Traders are increasingly betting the Fed will step in to provide support, with market expectations now pricing in at least five quarter-point rate cuts from Fed Chair Jerome Powell this year, according to CME’s FedWatch tool. But Roubini sees a different outcome.
“There’s a game of chicken playing out between the Trump put and the Powell put,” Roubini told Bloomberg. “But the Powell put’s strike price is lower—Powell is going to wait until Trump blinks first.”
In short, Roubini believes the Fed won’t rush to ease policy unless Trump signals a retreat from his current stance, especially since the root of the volatility lies in trade policy. Powell’s more cautious approach suggests he’ll resist intervening until the political landscape shifts.

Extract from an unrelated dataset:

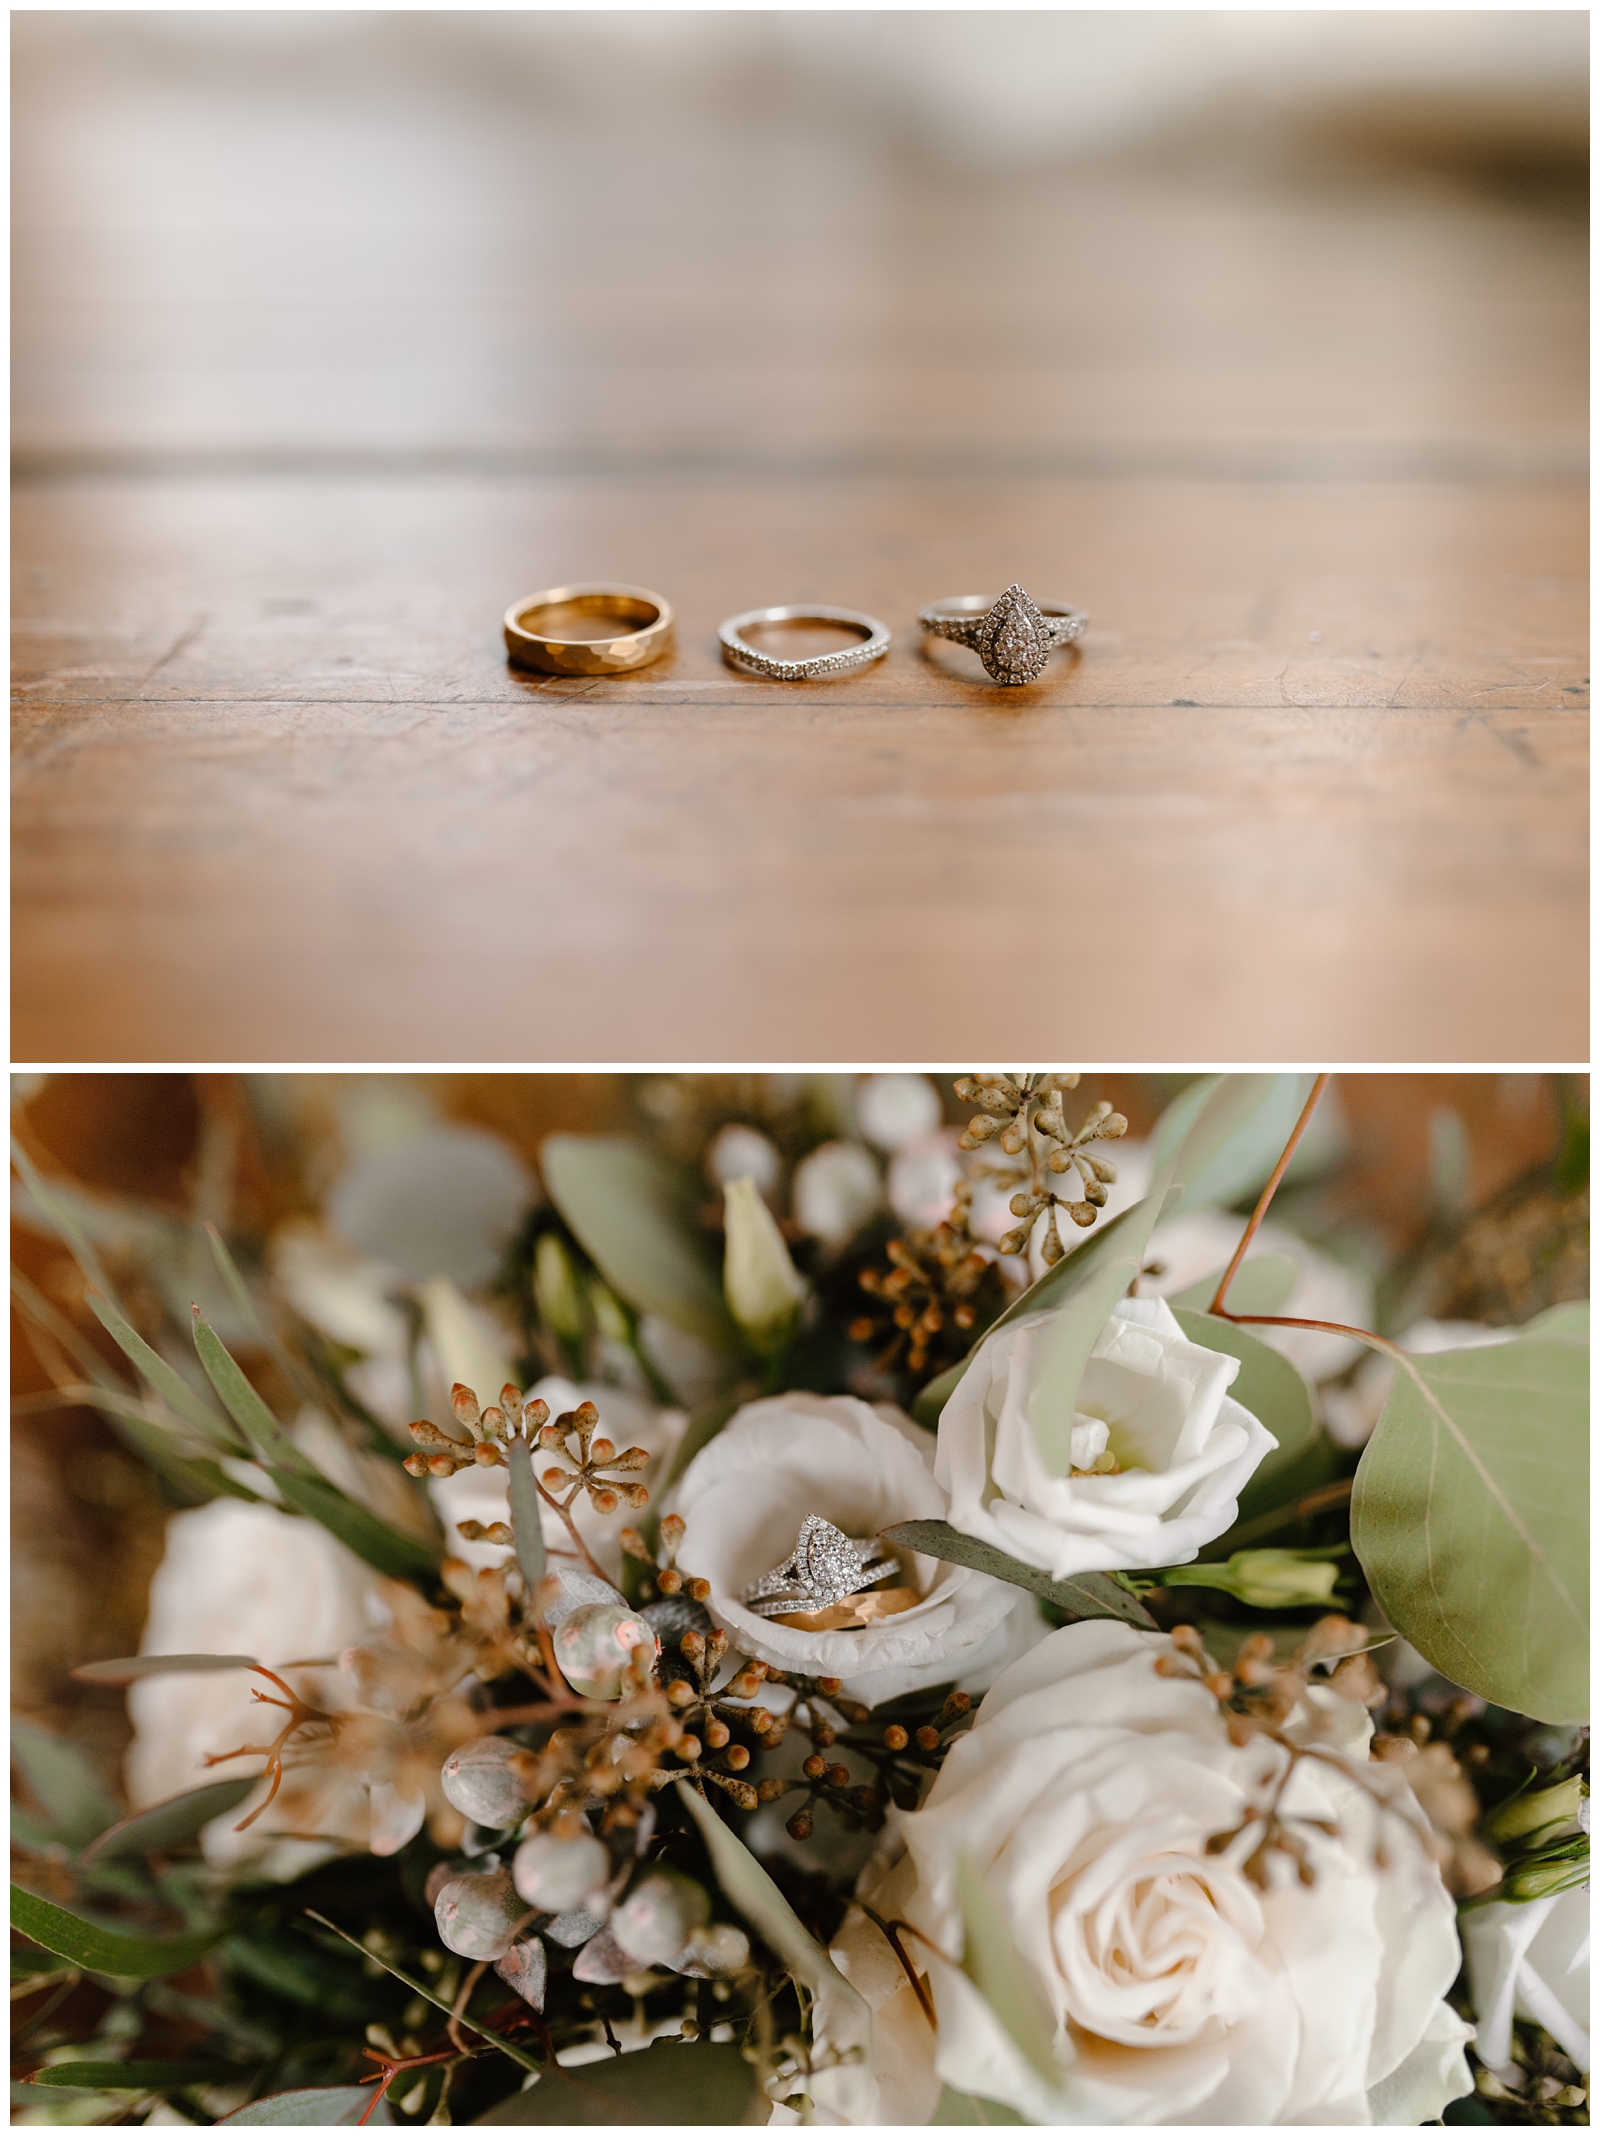 Ring detail shots of emerald and gold wedding in Greensboro NC

Market sentiment remains highly reactive to even the slightest hint of de-escalation. Earlier this week, an unverified report about a potential pause in tariff enforcement sent markets soaring—only for the optimism to quickly evaporate when the report proved false.
Sticky Inflation, But No Recession
Looking ahead, Roubini expects inflation to remain stubbornly high due to elevated tariffs, putting downward pressure on long-term U.S. bonds. That, he says, is a key reason for the recent drop in 10- and 30-year Treasury prices and the corresponding jump in yields.
Despite rising fears, Roubini doesn’t foresee the U.S. tipping into a recession. His forecast stands in contrast to market sentiment and various prediction platforms, many of which now assign a greater-than-50% chance of the economy experiencing consecutive quarters of negative growth.